Residents of Bakura Local Government of Zamfara State said no fewer than 56 people were killed on Friday afternoon when bandits attacked three villages in the area.
A former councilor, who asked not to be named said that the gunmen attacked Sabon Garin Damri, of the villages, around 2:30 p.m.
“I was in the main town when the bandits entered Sabon Garin Damri. We suddenly saw people running towards us. Then we started hearing sporadic gunshots. I was miraculously saved,” he said.
He said the bandits carried out what appears to be coordinated attacks from Sabon Garin Damri, Damri and Kalahe before a joint security team confronted them.
Another resident, Mu’azu Damri, said the number of casualties would have been more if the security agents didn’t confront the bandits.
“I’ll have to personally applaud them (security agents), though I believe they should have come earlier because if they came at the right time, they would have saved a lot of people. But their arrival helped because the number would have been more than that,” he said
Mr Damri also said the bandits were pursued by the team of soldiers and police personnel, forcing them to abandon the livestock, food items, and other things they had looted from residents.
Though Mr Damri said the number of those killed was 48, other sources, including the former councilor that the number of those killed as at Saturday afternoon stood at 56.

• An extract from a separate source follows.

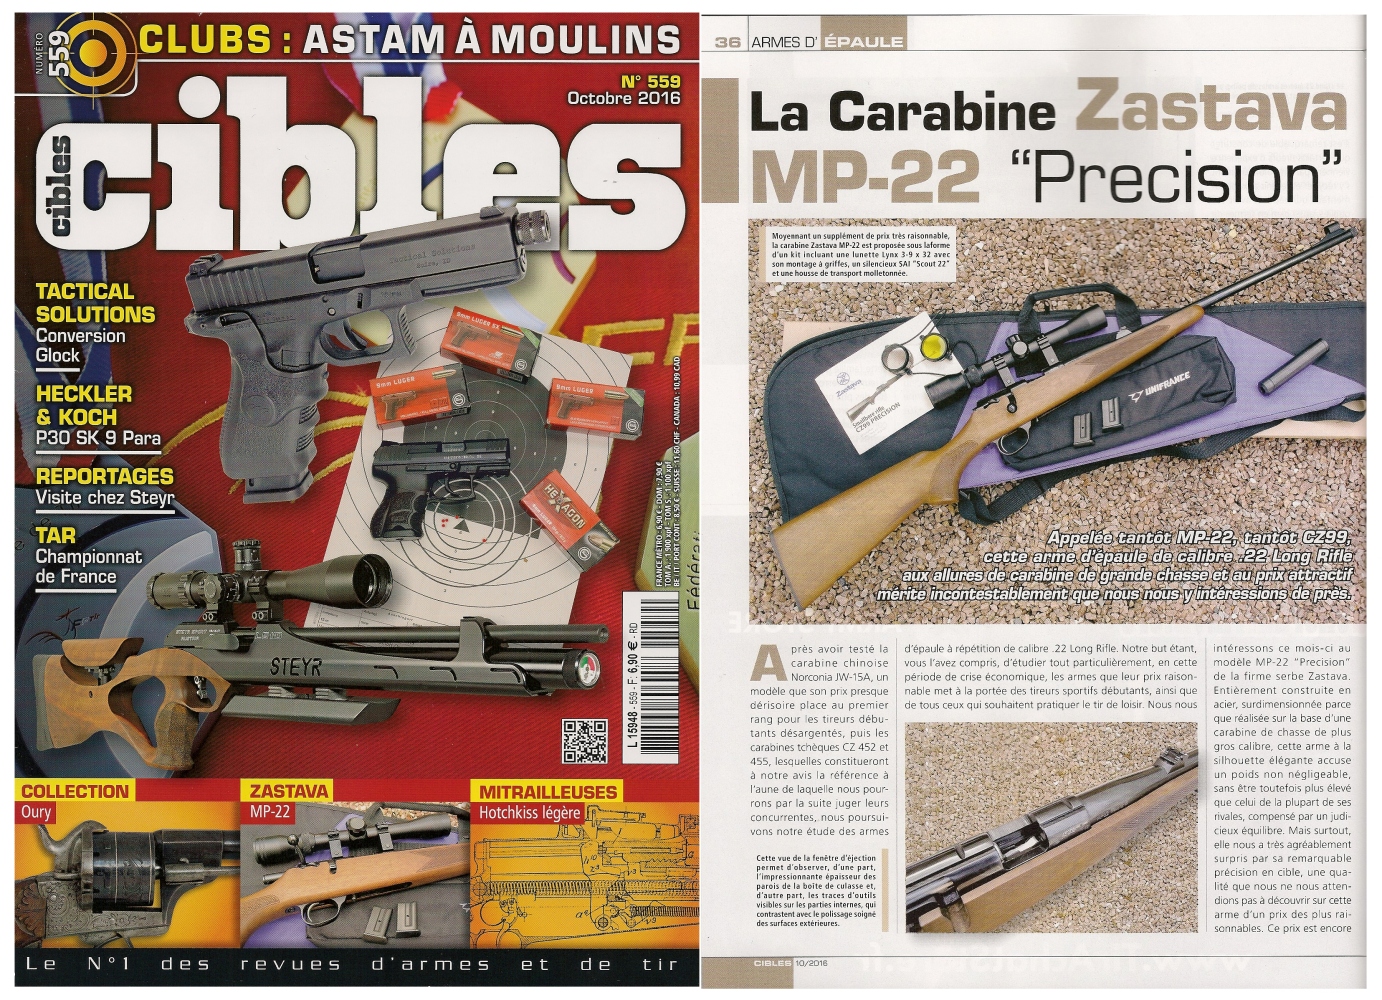 Le banc d'essai de la carabine Zastava MP-22 a été publié sur 7 pages dans le magazine Cibles n°559 (octobre 2016).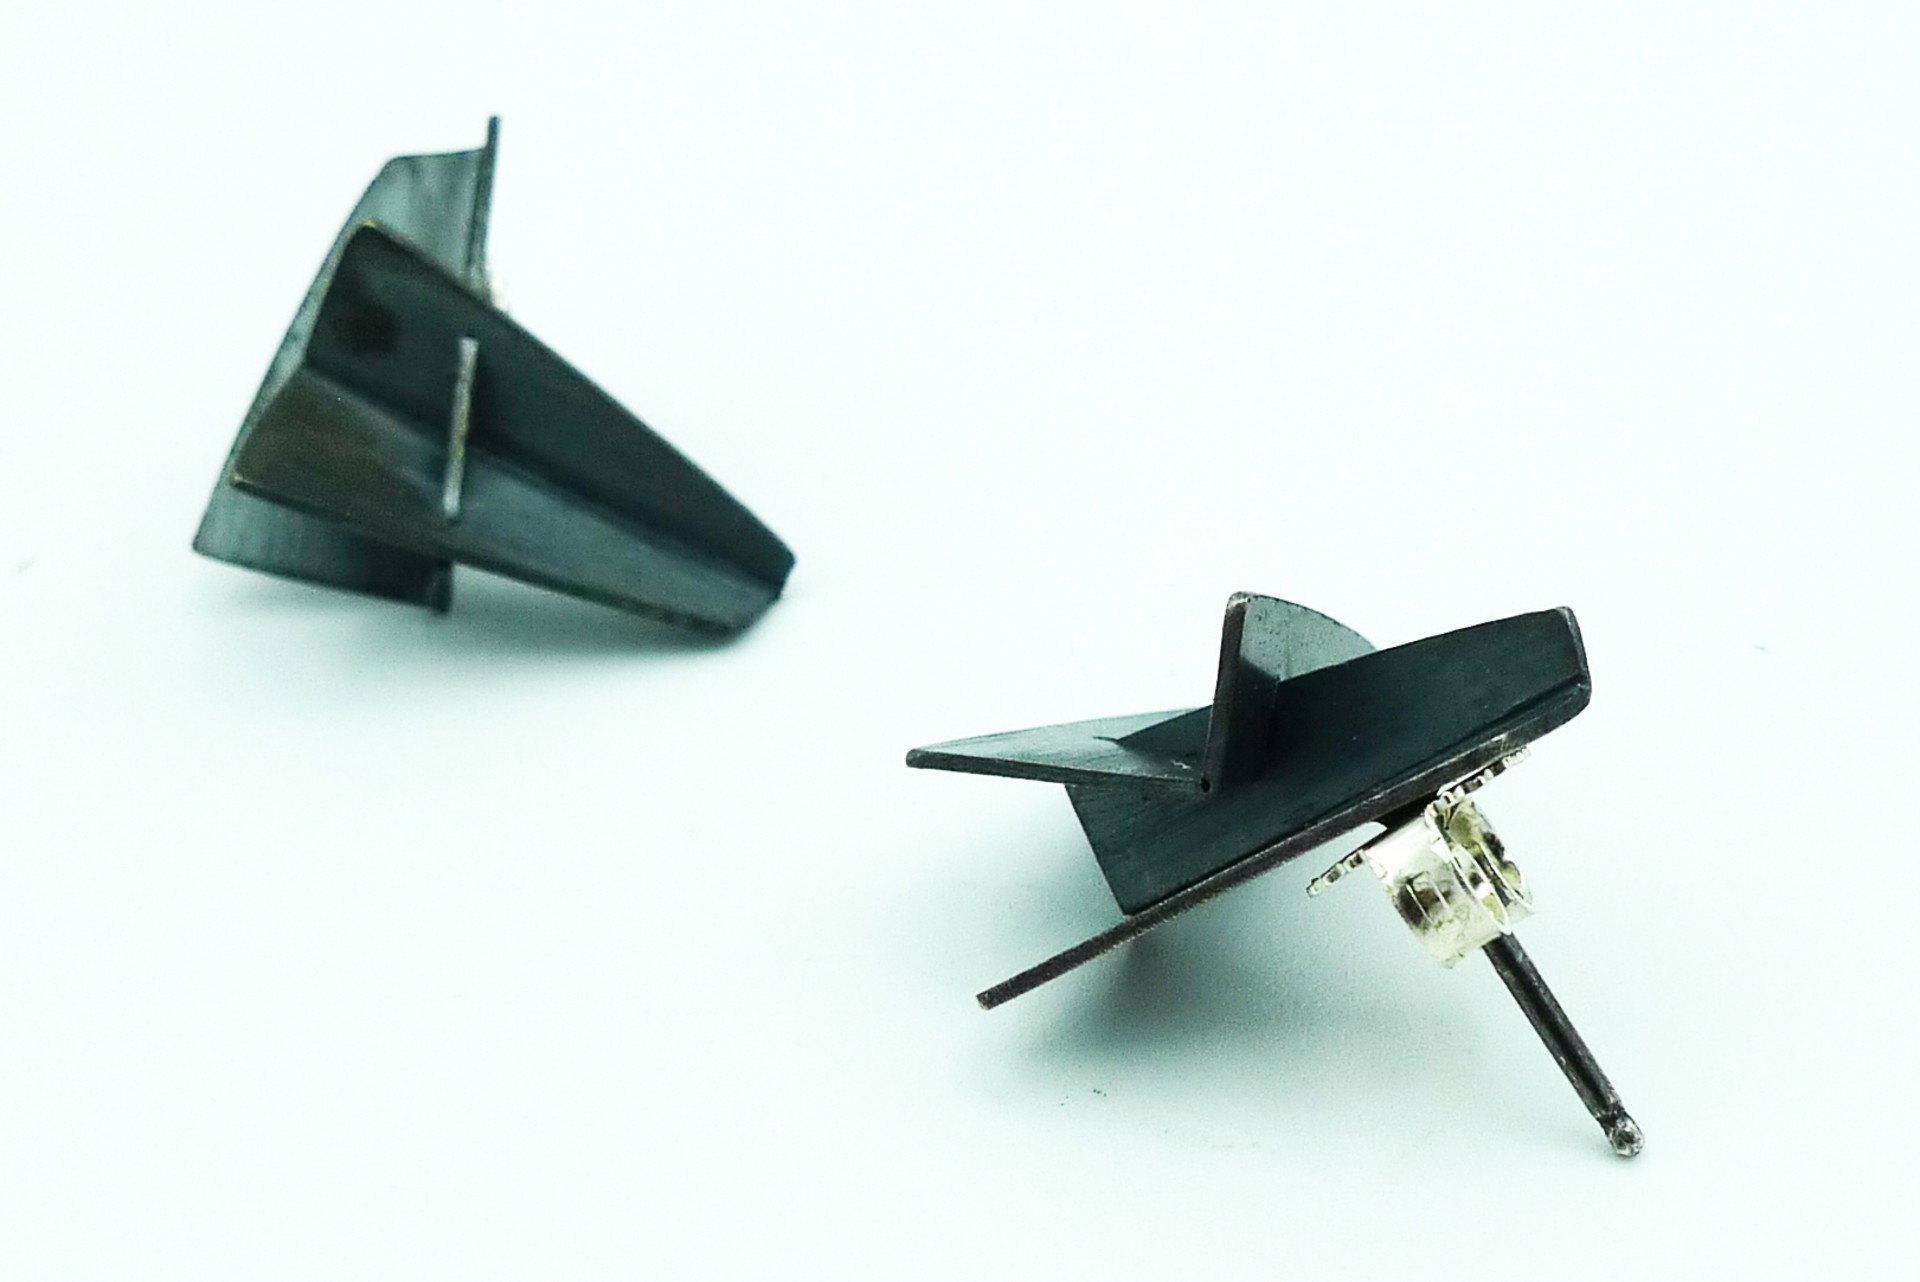 Small Oxidized Folded Post Earrings by Lauren Markley

“We counted 56 people,” the councillor said. “In Damri, only three people were killed; a girl and two other men but the remaining were all killed in Sabon Garin Damri and Kalahe. Some of them were not residents of the two communities. They were people who came from nearby villages to celebrate Eid El Fitr with their relatives” he said.
Another resident of Bakura Town, Usman Lauwali, also said that 56 people were confirmed dead by residents of the three communities.
Zamfara, like in other areas in Nigeria’s North-west region, is convulsing under the attacks by gunmen locally called bandits who attack mostly rural communities and travellers.
These bandits have been blamed for killing thousands of people. They have also abducted many more in what is shaping to become one of the worst kidnap-for-ransom syndicates in the country’s history.
In the face of the failure of the government to protect residents of the area, many communities have set up vigilante groups to protect residents from attacks by bandits but this has worsened the security challenges in the area as it has given rise to an explosion of tit-for-tat killings between the bandits (who are mostly of Fulani extraction) and the vigilante groups set up by the majority Hausa communities in the area.